While he spoke officially with the media once a week, he allowed a few parallel sessions in his locker. I enjoyed these sessions because it helped me better understand what made him tick and make a connection.

Once he walked me through what made a great fake game and how he got so good at it.

Our conversations weren’t always just about football, though. Sometimes it revolved around family. He admitted that his daughter vivi wrapped it around his finger. He also boasted of being the most athletic of all his children. He bragged about the boys and their accomplishments too.

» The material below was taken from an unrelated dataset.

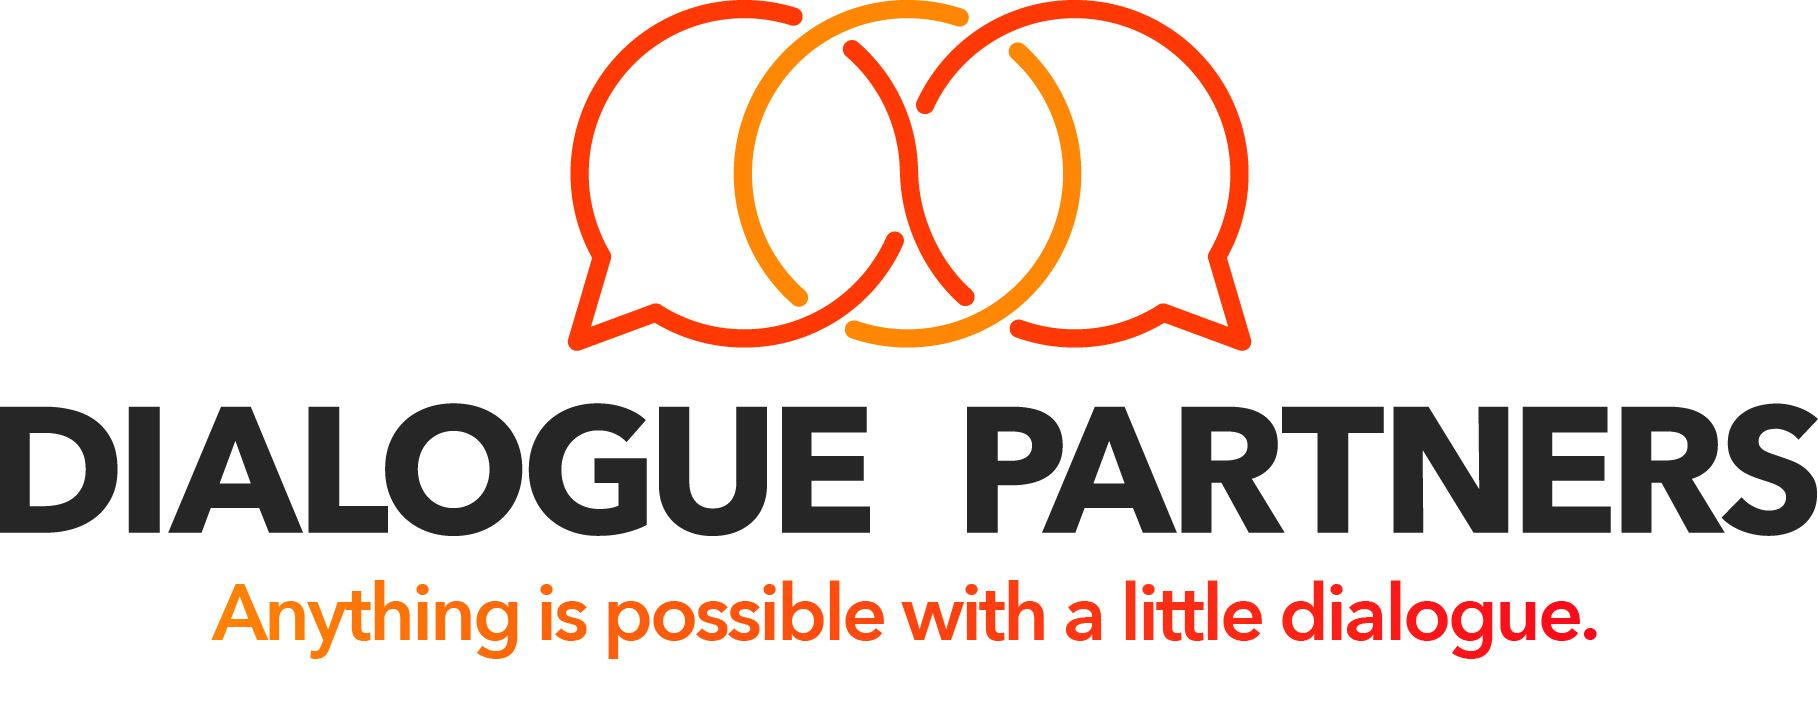 Dialogue Partners, Inc.

When his mother Galynn was going through her battle with cancer, there were times when we talked about it. Tom knew I was a cancer survivor, so he sought advice on what he could do to help.

After covering him for two decades, I have to say that one of my biggest takeaways was how – during those parallel sessions – he always made it look like you were talking to the 53rd guy on the list , as opposed to the greatest of all time.